Background

As the summer is soon here, I’m starting to have more time for personal amusements. I’ve been wanting to do this post for quite a while, and I finally found time for it.

Today’s topic being: can I make an effective Boggle solver in Haskell?.

As with the previous post, the full code is available on GitLab, with pertinent snippets posted here with commentary.

Let’s go!

The basic idea of Boggle is to find words in some N×N grid; the scoring depends on the game, but can depend both on the count of the words and the length of the said words. In this post, I hope to show you the precise methods how I implemented a program that finds the words for me (and much more quickly than I ever can).

As stated before, this program is made in Haskell, using Haskell Stack more precisely. I will skip the details on the workings of Haskell Stack; if you are interested, you may want to look at the Haskellversi/Othello in Haskell series.

Words!

How to store the words?

Before we can search for words, we of course need a list of those said words. For that, we shall use a trie structure; each node of a tree defines one character, and the word is built up by traversing a path through the tree. In the example below, a sample structure with several Finnish words is shown.

Word trie

I decided to implement a relatively simple data structure for it:

data Node = Node {
    nodeChar :: Maybe Char,
    nextCharacters :: [Node],
    isCompleteWord :: Bool
} deriving (Eq, Show)

Loading the words

As displayed in the sample picture (rendered in all its prettiness with GraphViz) with the word palkka and koi, a node can be both a last character for some word, and also a parent node for several other nodes. That’s why we require a separate Bool flag for denoting that. More flexibility.

Now to actually figure out a way to load the words. I decided to use a very simple file format for storing the words: any letter starts a new node under the current one, # returns to the parent node and ! marks the current node as complete.

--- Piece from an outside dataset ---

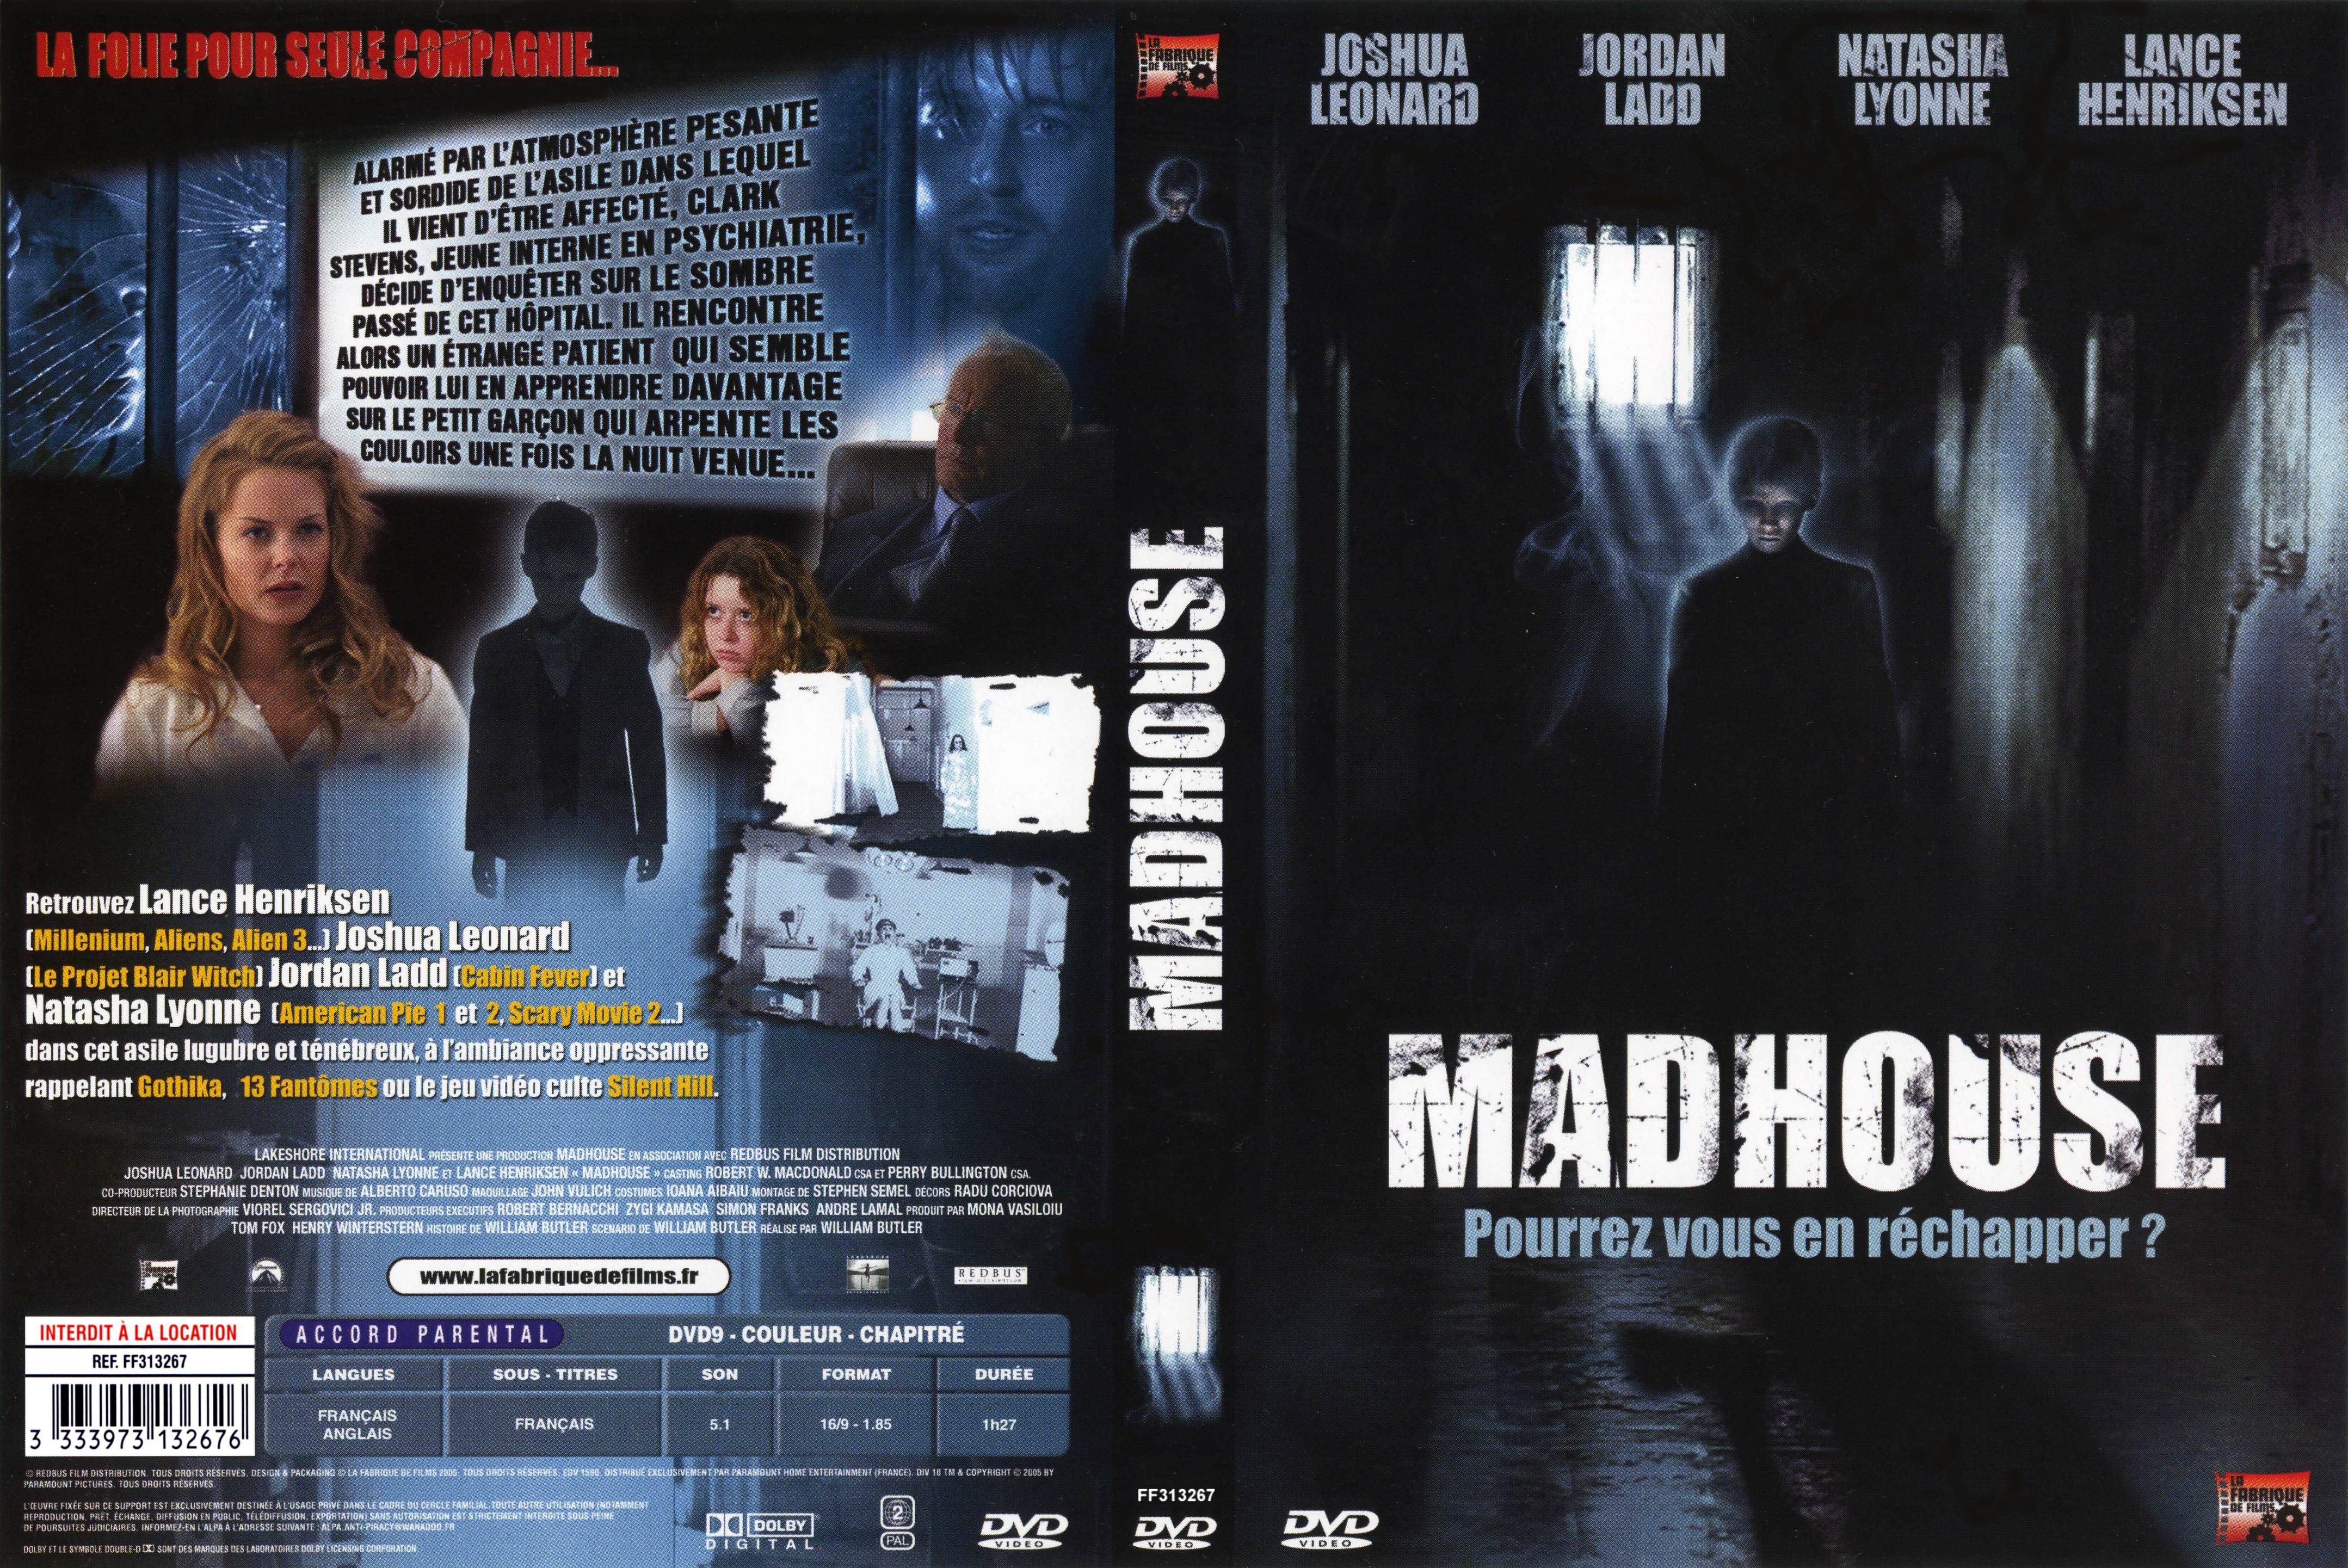 Jaquette DVD Madhouse
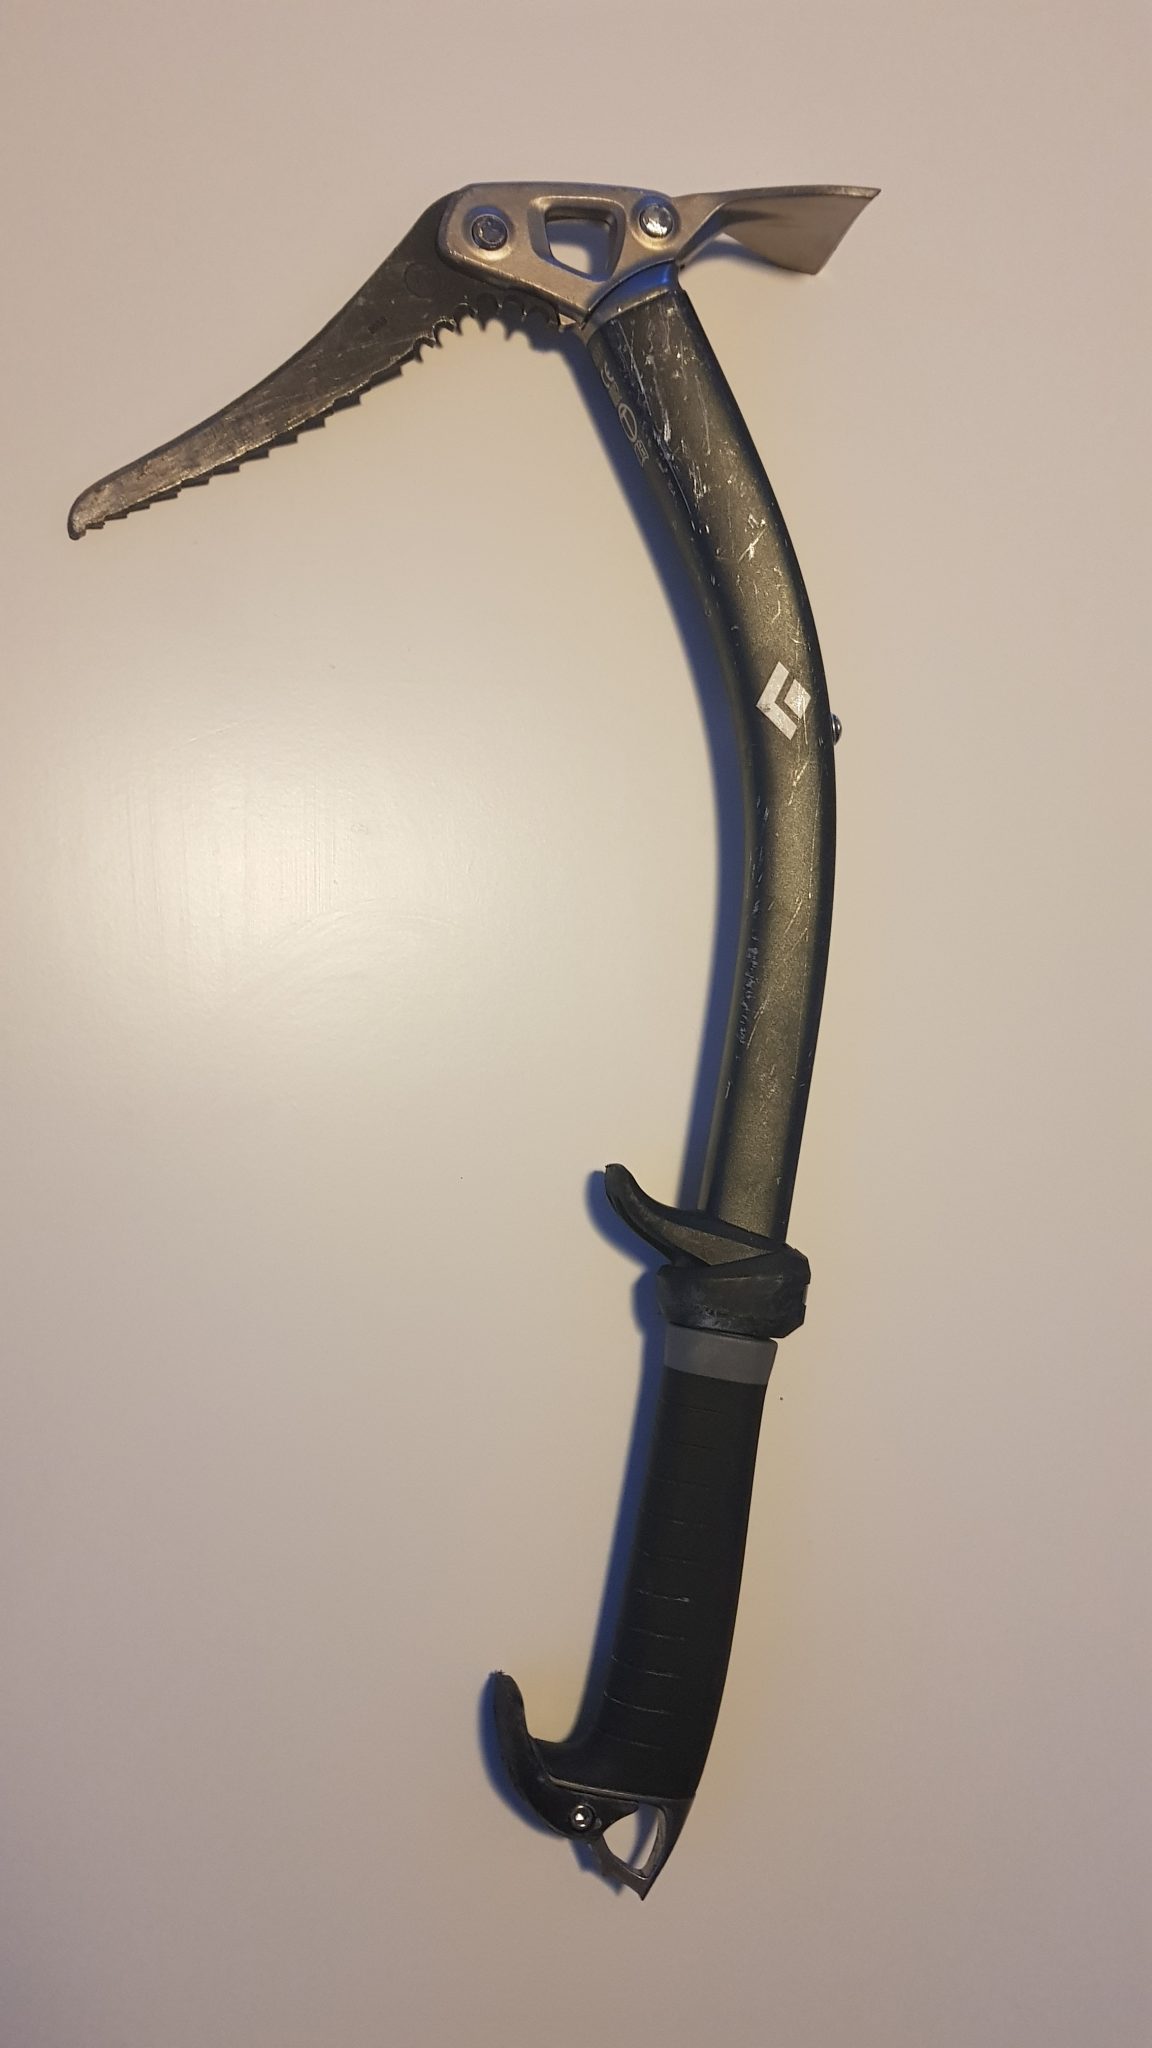 How to choose an ice axe

Very straightforward to load; also, the order of nodes is implicitly stored in the file, which allows for a degree of optimization. The GitHub repository includes a sample dictionary; generating a larger dictionary is left as an exercise to the reader.

While as some may very well disagree on using imperative techniques in Haskell, I decided to implement the loader using the ST monad. For those unaware, the ST monad basically allows mutable state within the scope of some function, without letting it do anything else untoward. It also makes working with a mutating string buffer a bit easier, as one doesn’t have to pass the mutating string back and forth the call stack. The end result nevertheless is a pure function, which doesn’t need special tricks to be used.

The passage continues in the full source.